I felt her saying "your first command" was the writers way of telling us this was Kirk's first command without having to spell it out.
And now you know it wasn't.
The Making of Star Trek may say so, but that doesn't make it canon, does it?
"Canon" is beside the point. TMoST, as I said, was written during the production of TOS by an author who was immersed in that production, directly interviewed its creators, and had access to its production memos. It reflects the plans and intentions of the show's creators better than any other source. I'm always surprised when I encounter people who haven't read it, because it should be essential reading for anyone who's more than casually interested in
Star Trek.
TOS was, after all, made mostly by WWII veterans, people who had some insight into how the military works. And they would've therefore been aware that commanders need to work their way up from smaller ships before they're given command of the biggest capital ships.
And...since when does starfleet have anything called a destroyer?

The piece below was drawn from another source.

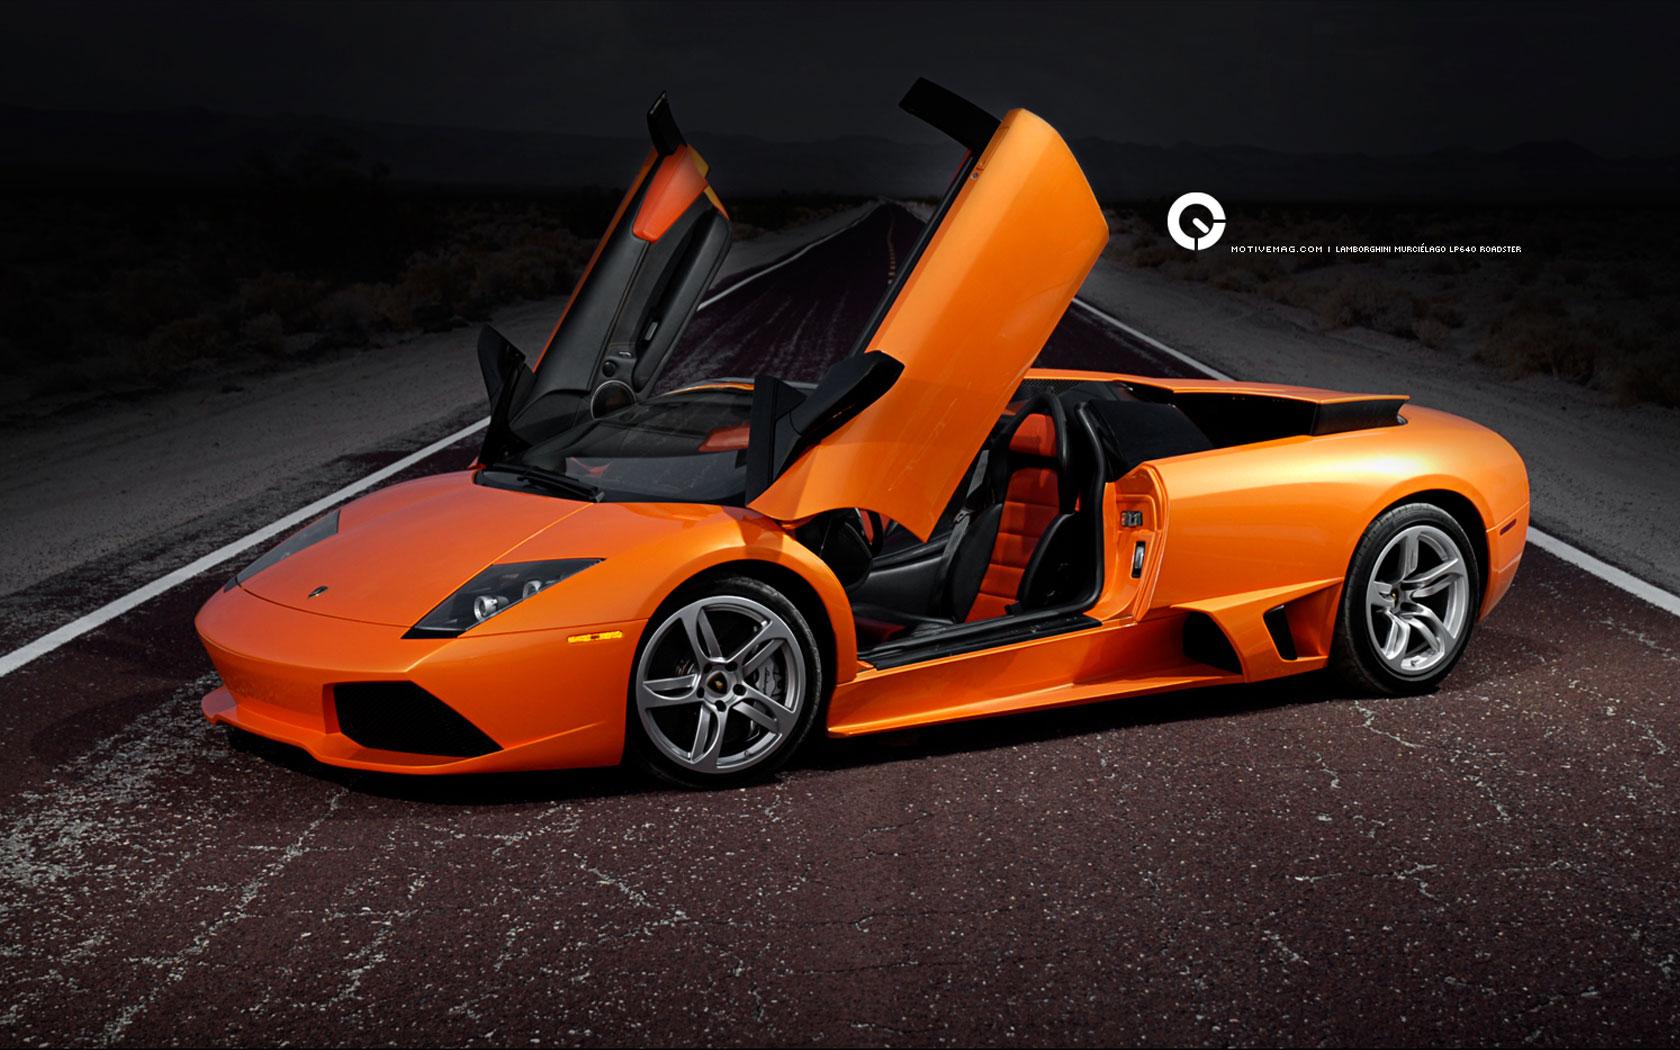 Lamborghini Cars Wallpapers Free Download HD Latest Motors Images 1680x1050

The actual line in TMoST -- which, I cannot stress enough, is immensely worth reading -- is, "Kirk rose very rapidly through the ranks and received his first command (the equivalent of a destroyer-class spaceship) while still quite young." So no, not an actual destroyer, but an analogous category of vessel, a smaller craft with a smaller crew. Perhaps something analogous to the
Oberth-class science vessels of the movie era.
Several works of tie-in fiction have referenced Kirk having prior commands before the
Enterprise. DC Comics's first annual showed him being transferred to the
Enterprise from the
Saladin, which was named for a destroyer-class vessel in Franz Joseph Schnaubelt's
Star Fleet Technical Manual, though it was drawn to look like a
Baton Rouge-class ship from the
Star Trek Spaceflight Chronology. Not long thereafter, the novel
Enterprise: The First Adventure by Vonda N. McIntyre -- which clearly drew on TMoST for some of its specifics -- showed Kirk in command of the
Lydia Sutherland, described as a "little cruiser" with about half the
Enterprise's crew complement. And the "Star-Crossed" storyline by Howard Weinstein in DC's second TOS series showed Kirk's first command as the
Miranda-class
USS Oxford. I don't think there's ever been a tie-in claiming that the
Enterprise was Kirk's first command -- probably because all the authors read TMoST. This has always been the default assumption.
I don't recall any canon reason to think he had a pre-enterprise command, though, if you discount Dehner's line as open to interpretation either way.
And I don't see any reason to default to the assumption that he didn't, because that's the less likely interpretation by far. As a rule, nobody would be given a ship of that class until they'd gained some command experience. It would take extraordinary circumstances, like those in the 2009 movie, for an exception to be made. And even that exception strains credibility to the limit.